5. How do Empedocles and others in his time understand krasis, which Hussey translates as duly proportioned mixture? (bottom 130-top 131)

6. Which of the following provides the best example of krasis: granola, composed of oat flakes, nuts, and dried fruit pieces; a wine and water blend; bronze (which is composed of tin and copper)?

7. What is the primary cause of kraseis (plural of krasis)? What is the primary cause of the separation of what has been mixed in a krasis? (131)

8. How do Love and Strife operate with respect to living beings, households, communities large and small? (131)

9. How do the two forces operate in the kosmos as a whole? When Love is in complete control what are the characteristics of the kosmos? To what entity in Parmenides’ philosophy does it seem comparable? (131)

10. What is the kosmos like when neither Love nor Strife dominate? (131) In what cosmic phase did Empedocles think he lived? (132)

11. How would Empedocles likely describe the life history of a typical individual human being? (132)

12. Does he think the kosmos has a mind? At all times? (132)

13. In what sense is natural action what we would call mechanical? What we would call psychological? (132)

14. What kinds of things mutually attract one another according to Empedocles? (133) (Heraclitus seems inclined to an opposite view!) How is this “X to X” principle distinct from the operation of Love in Empedocles’ view? (133)

15. How is Empedocles’ philosophy of nature designed to permit the incorporation as aspects of Parmenides’ true way? (133)

Anaxagoras

16. What did Anaxagoras attempt to do? (141, last paragraph in the section on Anaxagoras)

17. What Eleatic thesis already accepted by Empedocles does Anaxagoras accept? How is apparent change to be explained? (134)

18, How does A break with the Milesian scheme? (134) The “controlling deity” is discussed systematically beginning on p. 138.

19. For A, how many ultimate constituents are there? What three consequences does he draw? Are large and small absolute terms for him? (135)

20. What important, yet somewhat surprising but reasonable, step does he take? (135)

21. How does A. express what Hussey calls his principle of maximum variety? (135)

22. Of what kind of “things” must A, be speaking in such utterances? (135-36) List some of the “things” he obviously had in mind.

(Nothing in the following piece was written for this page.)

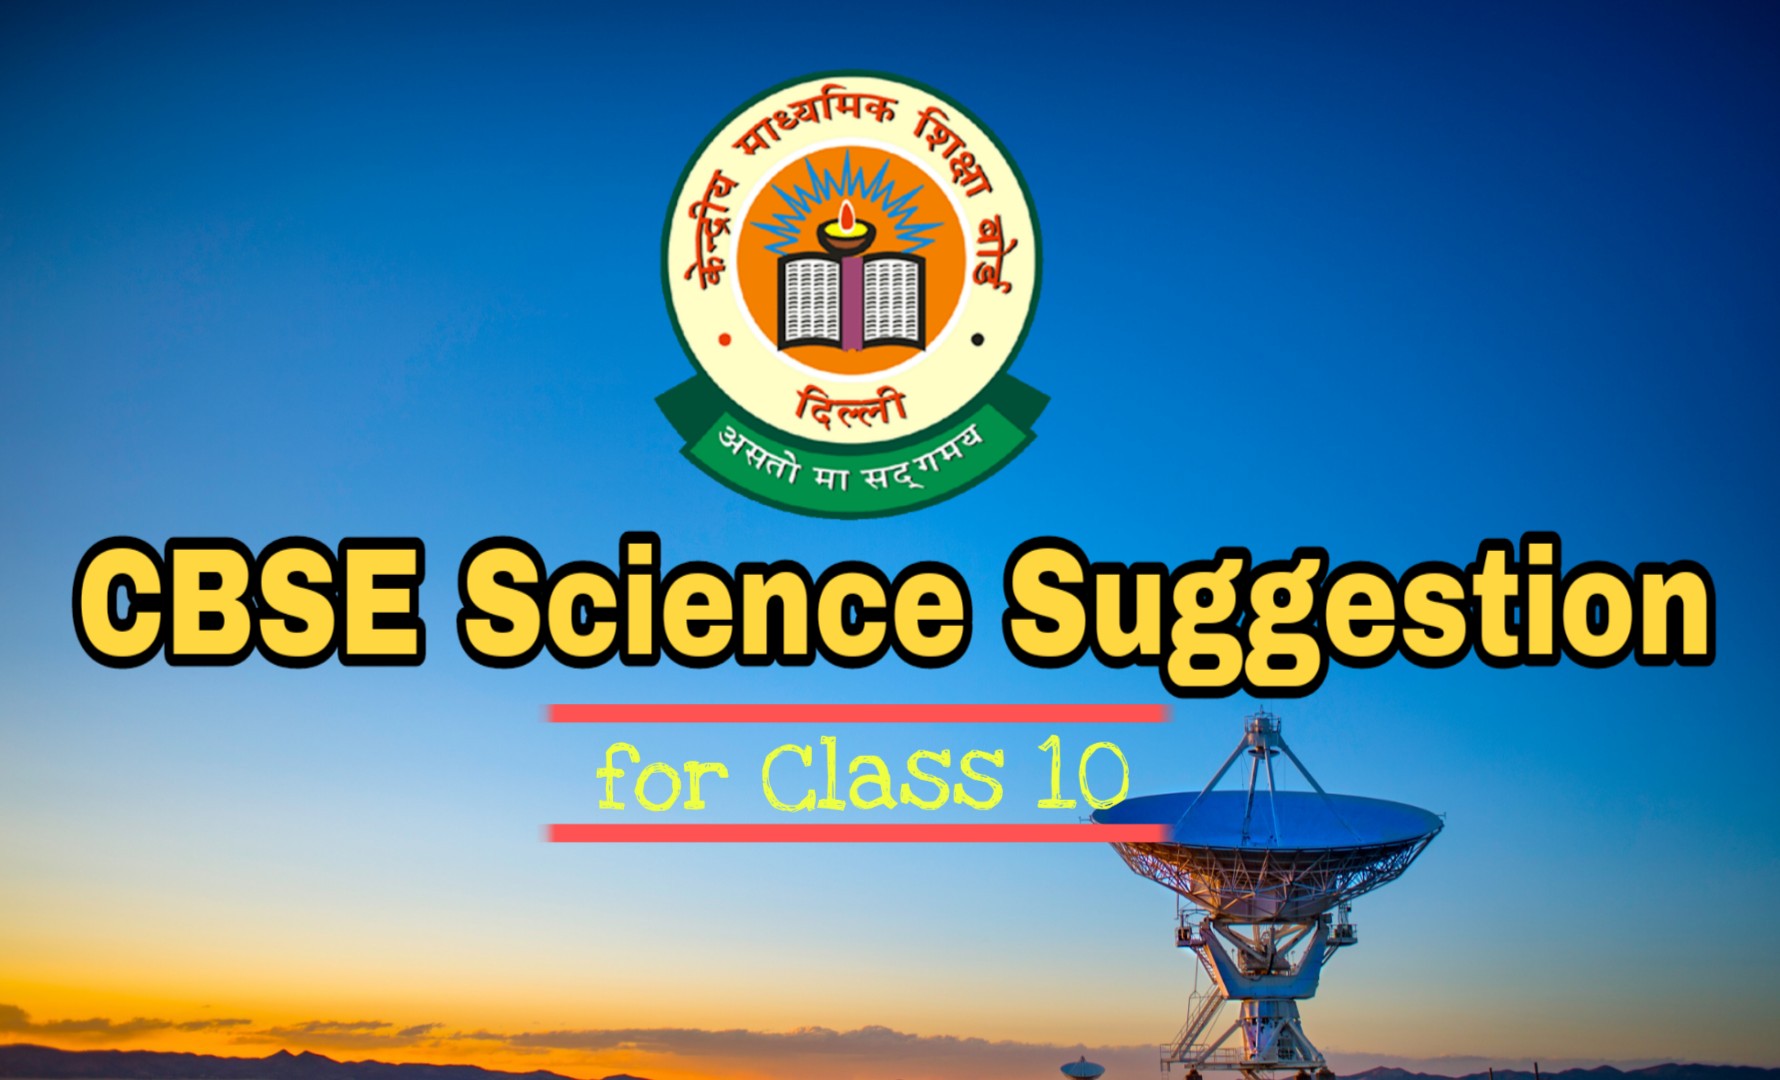 CBSE Science Suggestion 2019

23. What Eleatic objection must have been brought against Empedocles’ view? (136) This objection is one with which Anaxagoras would have been sympathetic.

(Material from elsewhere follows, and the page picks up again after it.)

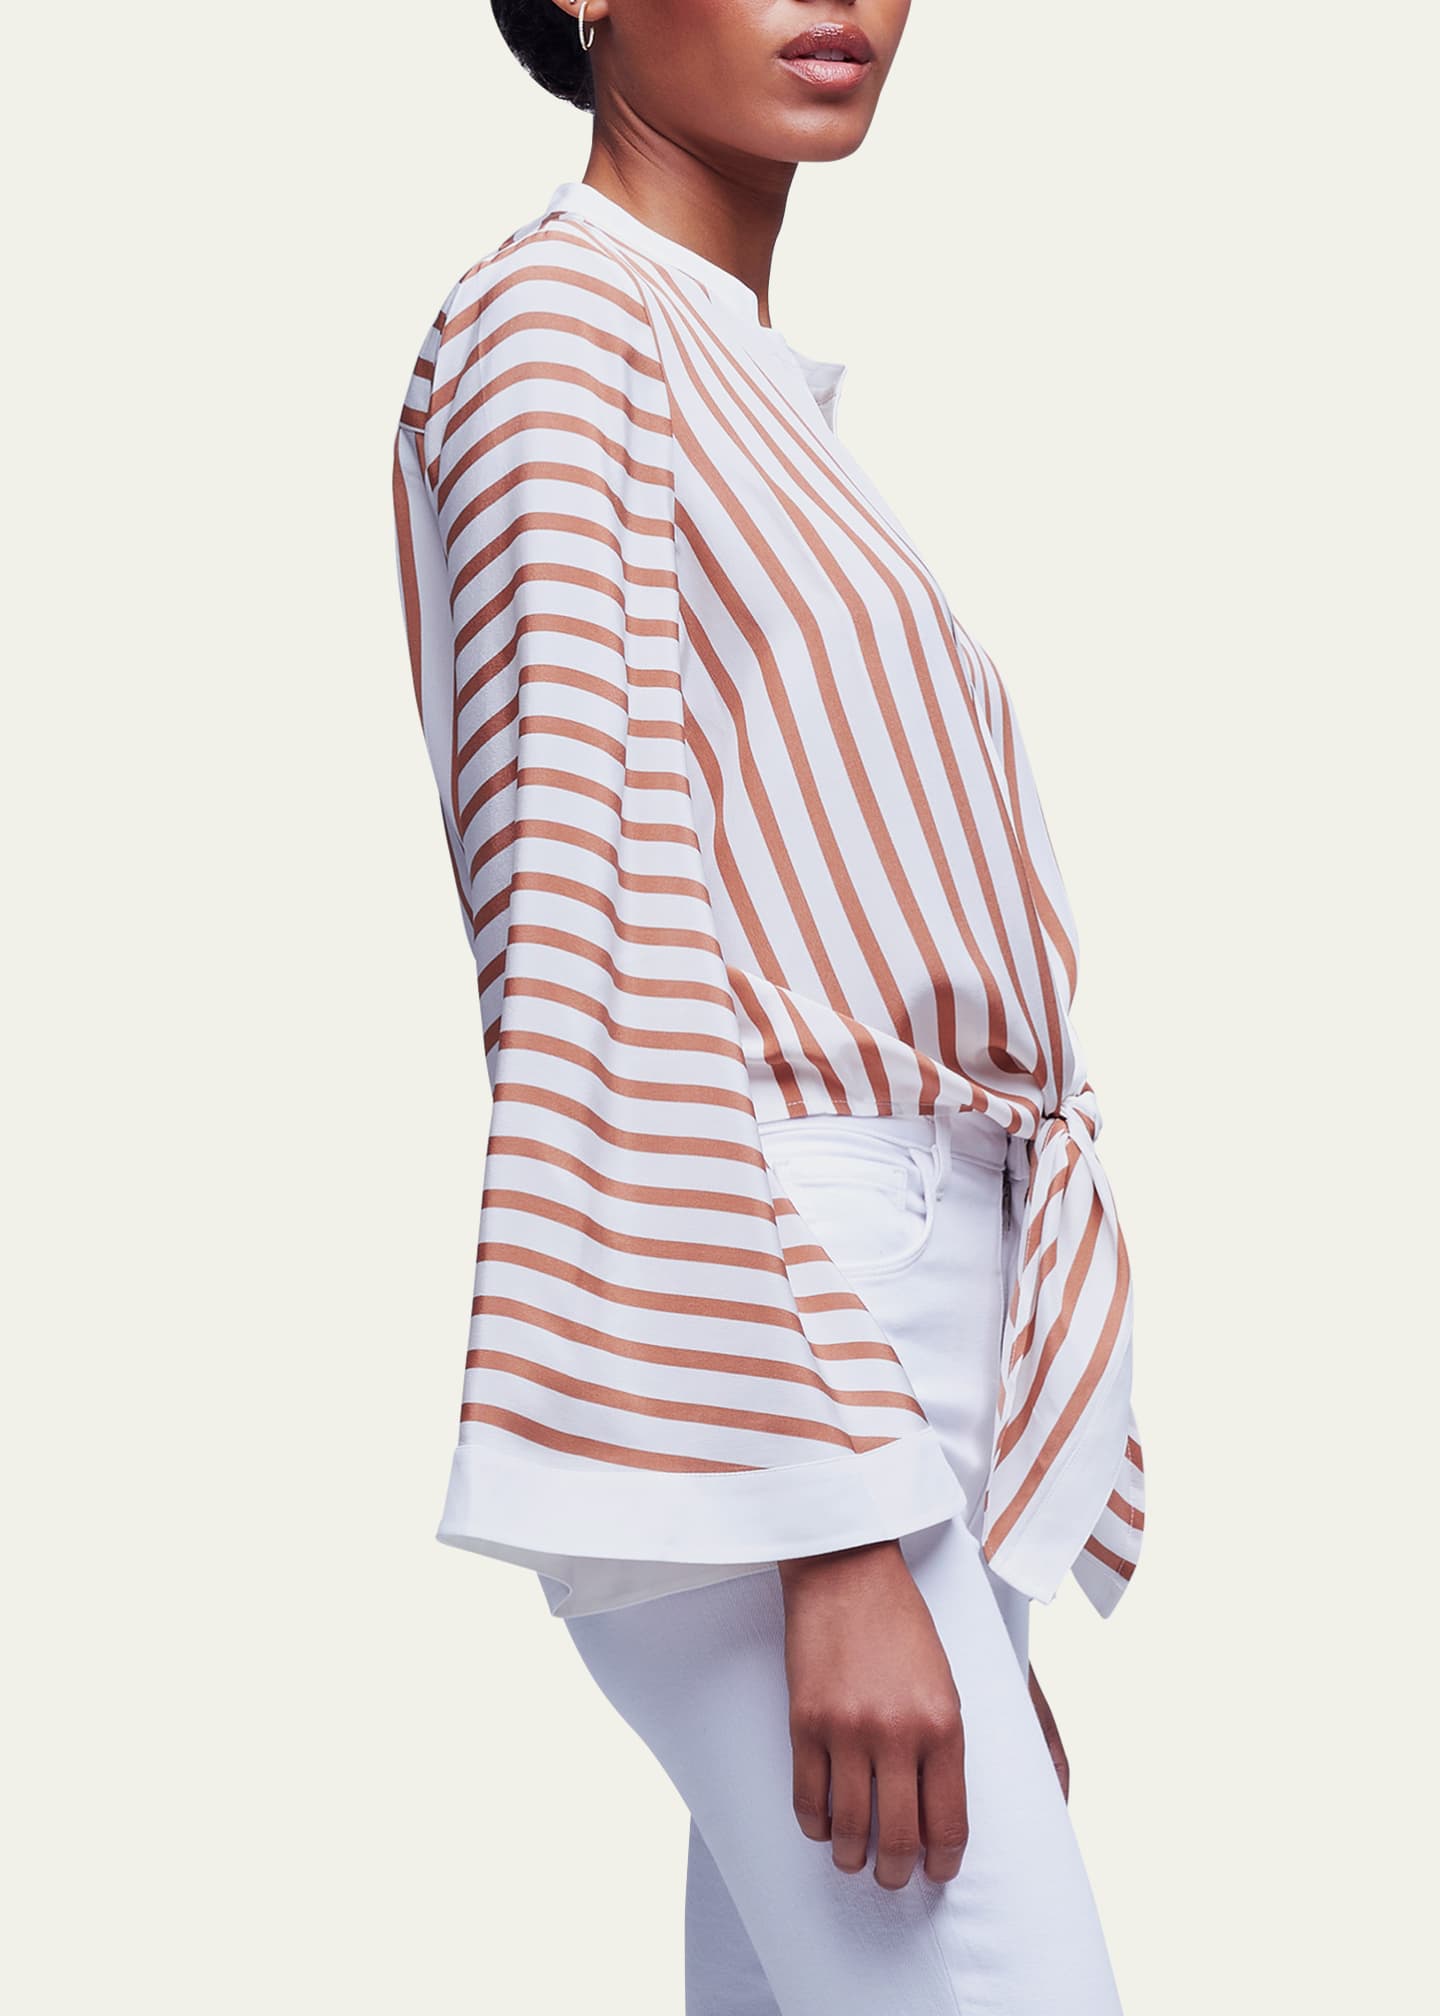 L'Agence Charlize Striped Bell-Sleeve Blouse - Bergdorf Goodman

24. What makes a lump of X, which must contain every element according to A., a lump of X, say, gold, and not Y, say, copper or hair? See the “rule” mentioned at the top of 137?

25. What difficulties of visualization does this solution present? (137) What stand does Anaxagoras take in frr. 6 and 8? (137 bottom half)

26. What are the characteristics of Mind (Nous) in Anaxagoras’ scheme? How does it different from the uniform elements? How does it differ from, say, Love in Empedocles or the Unbounded in Anaximander? (138-39)

27. Why does Anaxagoras draw on the analogy with mind or intellect rather than on the analogy with psyche, which in ordinary Greek is the animating principle of living beings, which may be operating in Heraclitus’ and in Anaximenes’ visions? (138-39)

28. What interesting claim did Anaxagoras likely make, though it is not attested in the texts we have from him? Why did Plato and Aristotle complain about the details of his cosmology in light of that claim? (139-140)

29. If Mind is the standard of goodness and reality, what kind of life with the best sort of human being lead? (140-41) There is a link here between Anaxagoras and Aristotle’s description of contemplative happiness in Book X of the Nicomachean Ethics.

The Atomists

30. Why are Leucippus and Democritus often called Presocratics even if they were contemporaries of Socrates (and Democritus probably died well after Socrates)? (142)

31. What was the starting point for the Atomists? (142)

32. What did the Atomists take seriously (thus disagreeing with Anaxagoras)? (142)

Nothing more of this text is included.